Amazon Demands Perplexity Remove AI Shopping Browser “Comet”
Amazon has issued a firm takedown request to Perplexity, demanding the immediate removal of its AI-powered browser “Comet” from the company’s online marketplace. The tech giant accuses the AI shopping assistant of violating platform rules and failing to properly identify itself as a digital agent.
Conflict between Amazon and Perplexity
After several prior warnings, Amazon’s compliance team reportedly sent a “hard demand” instructing Perplexity to cease distributing Comet. The company argues that the AI tool breaches Amazon’s terms of service, which prohibit automated agents from performing commercial actions or misleading consumers by posing as human users.
Comet, developed by Perplexity, integrates a conversational AI agent capable of comparing prices, reading reviews, and completing purchases directly within the browser. Its autonomous decision-making capability — once touted as revolutionary — has now placed it in direct conflict with the world’s largest e-commerce platform.
Perplexity’s position
In response, Perplexity defended its product, suggesting Amazon’s decision was motivated by economic self-interest rather than consumer protection. The company claims that the marketplace giant fears disruption to its advertising model, since AI agents shop efficiently without exposure to promoted products or upselling techniques.

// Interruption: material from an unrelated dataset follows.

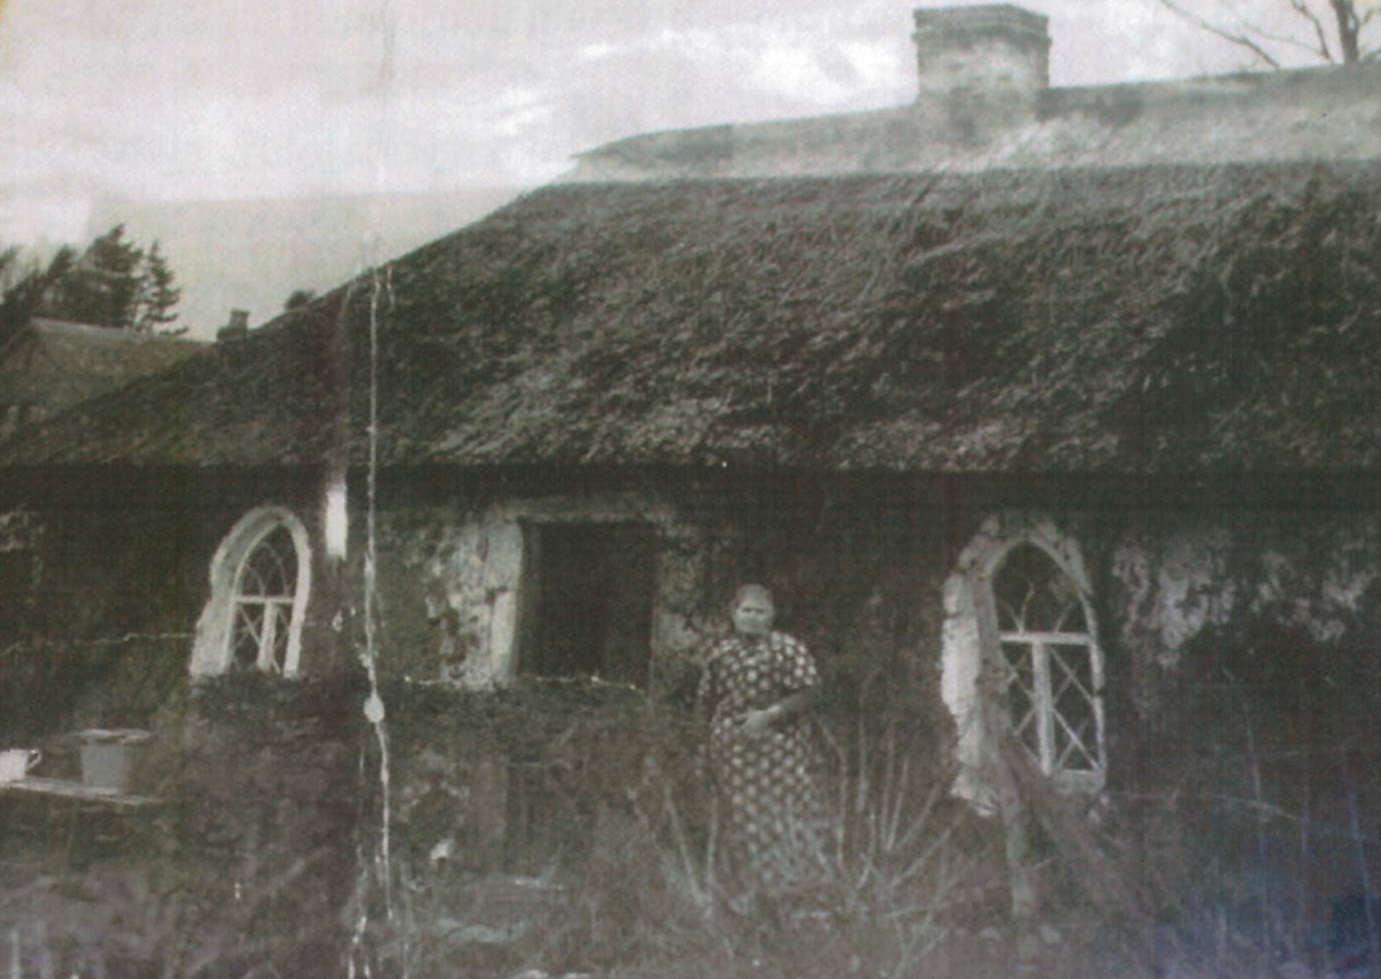 A 1948 photograph of a mudwall home at Muiredge that was later demolished.

“As AI shopping assistants evolve, they make rational purchases — not emotional ones,” a Perplexity spokesperson stated. “That’s incompatible with platforms built on advertising incentives.”
AI agents and the retail dilemma
Analysts note that the conflict highlights a growing tension between automation and traditional retail economics. If AI buyers become widespread, they could fundamentally alter how online marketplaces generate profit, potentially cutting into ad revenue streams worth billions of dollars.
For Amazon, allowing an unregulated AI to make purchases autonomously could undermine its recommendation algorithms and distort demand forecasting. For Perplexity, however, Comet represents the next logical step in automating digital consumption — removing human bias and marketing manipulation from the buying process.
Ethics and regulation
The dispute also touches on emerging regulatory questions surrounding the transparency of AI agents. Under current U.S. and EU proposals, autonomous digital assistants must disclose their machine identity and operational purpose during user interactions. Amazon argues that Comet’s design violates this principle by failing to clearly announce itself as non-human during transactions.
Future outlook
Perplexity has yet to confirm whether it will comply with Amazon’s ultimatum or seek legal recourse. Experts believe that similar conflicts are inevitable as AI systems gain transactional autonomy and begin to challenge traditional digital-commerce structures.
If Comet disappears from Amazon’s ecosystem, it could accelerate the creation of alternative decentralized marketplaces optimized for AI-driven trading — a glimpse into a future where algorithms shop, negotiate, and consume entirely on behalf of humans.
Conclusion
Amazon’s demand to remove Perplexity’s AI browser Comet underscores a defining moment for e-commerce: the collision between human-centric advertising models and machine-rational consumption. As automation reshapes online retail, the balance between corporate profit and algorithmic efficiency may determine the future of digital marketplaces.